I do not think Benito is saying that the real progress you have made is negated, I think he is just saying you are not quite there yet.
I applaud your progress and aspire to be where you are at, to be honest. I intellectually know what I need to do, but am fully aware that I have not made a terrible amount of progress detaching. I am doing a lot of the right things, but I know all the same that I am not there yet emotionally by a long shot. You may not be quite there either, Davide, but I can tell by reading your posts that you are well and truly on your way there and you just need to stay on the path you are on.

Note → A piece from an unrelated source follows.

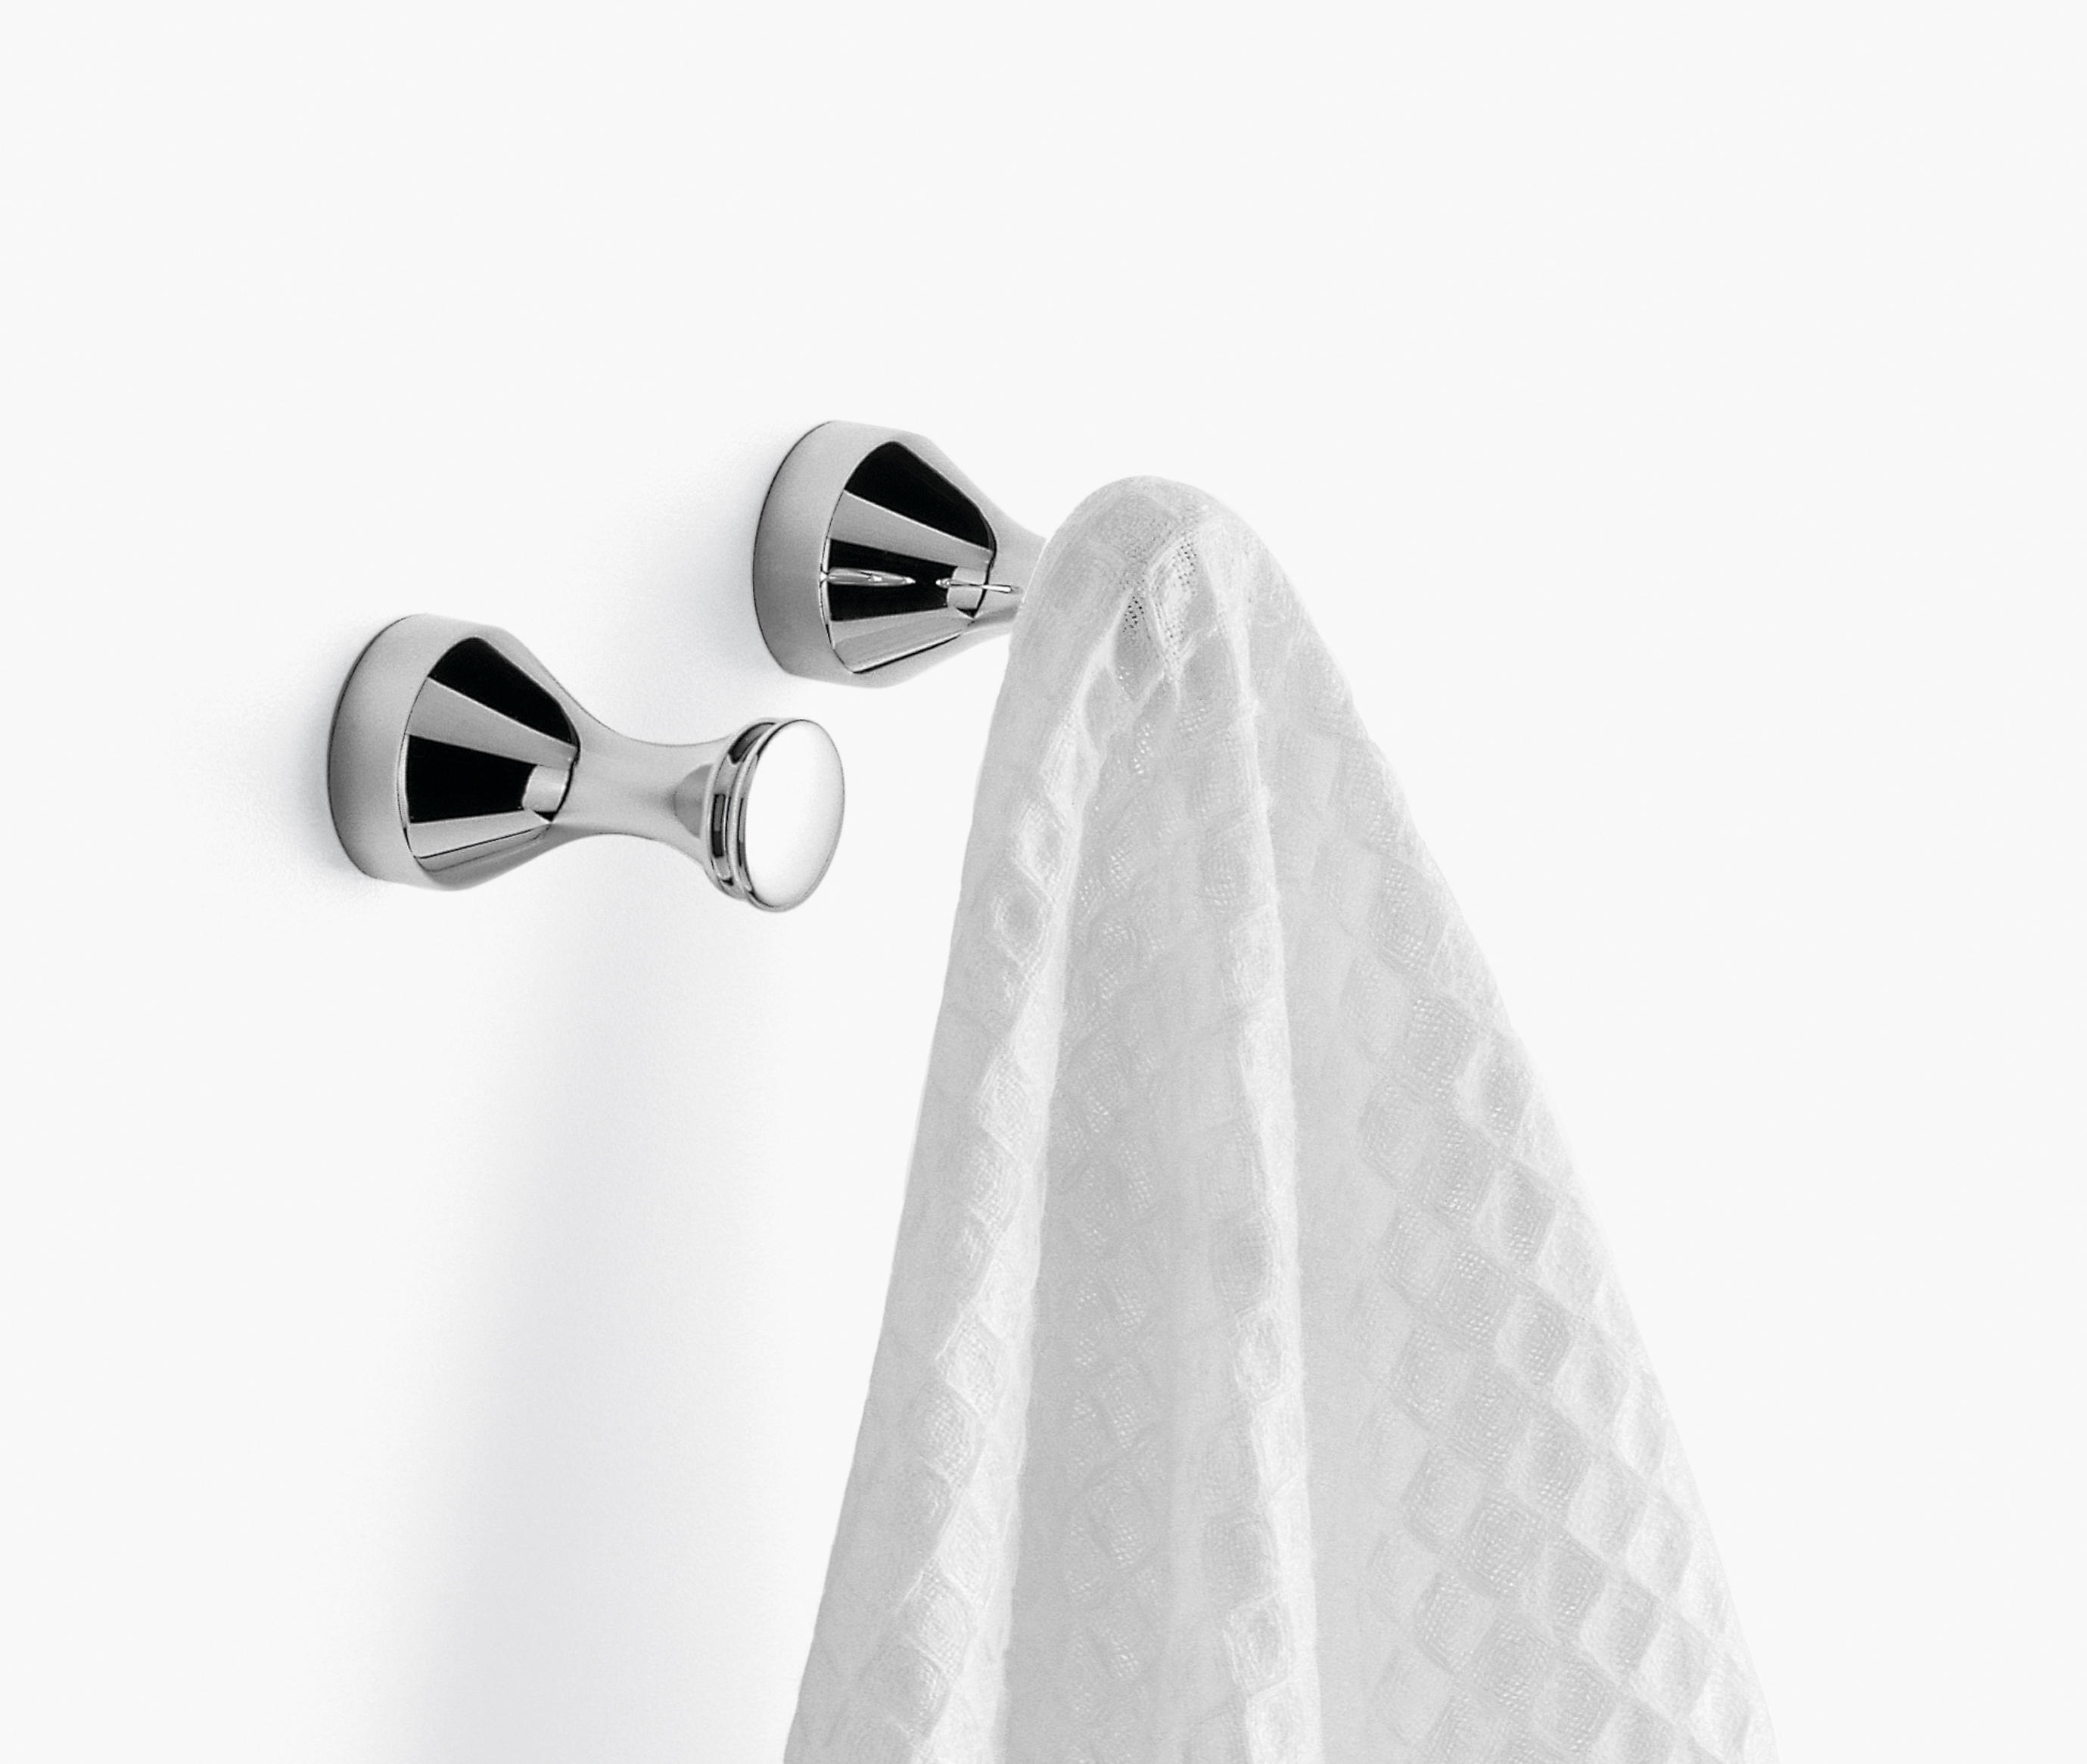 madison ganchos ganchos colgadores de dornbracht architonic. Black Bedroom Furniture Sets. Home Design Ideas
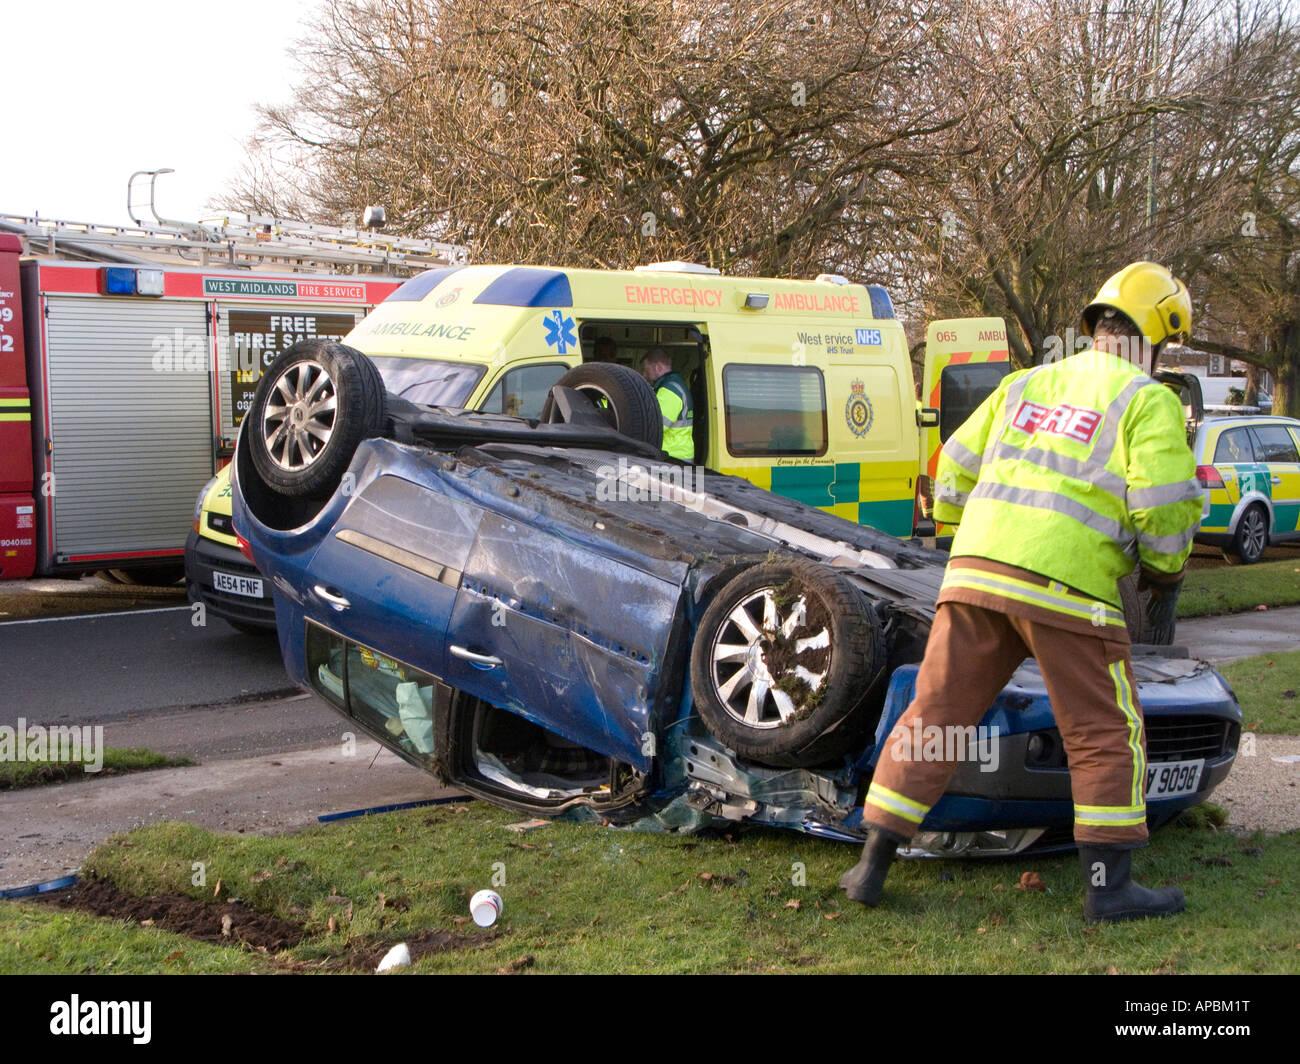 Fireman checks overturned car at road accident scene Stock Photo ...

Feelings are not really controllable, and learning to let go of a love partner and find acceptance that you may never reconcile are extremely difficult concepts to truly embrace. I know it is possible, but I have yet to believe I can do it myself. You do not need to doubt your progress, and I think Benito was actually just trying to encourage you to take the final emotional leaps that will be necessary to ultimately find peace within yourself and be genuinely open to both the possibility of the relationship being over with finality and the possibility that your W will find her own way back into your life. And you will know without an ounce doubt that you will be perfectly fine either way. Can you say that now?
M: 40 W: 37 T: 20 MR: 13 S13, S9, S4 BD: 1/29/18 Sep: 4/23/18 (I moved out) 8/24/18 I come home, she moves out
If you want to get out of the hole, drop the shovel.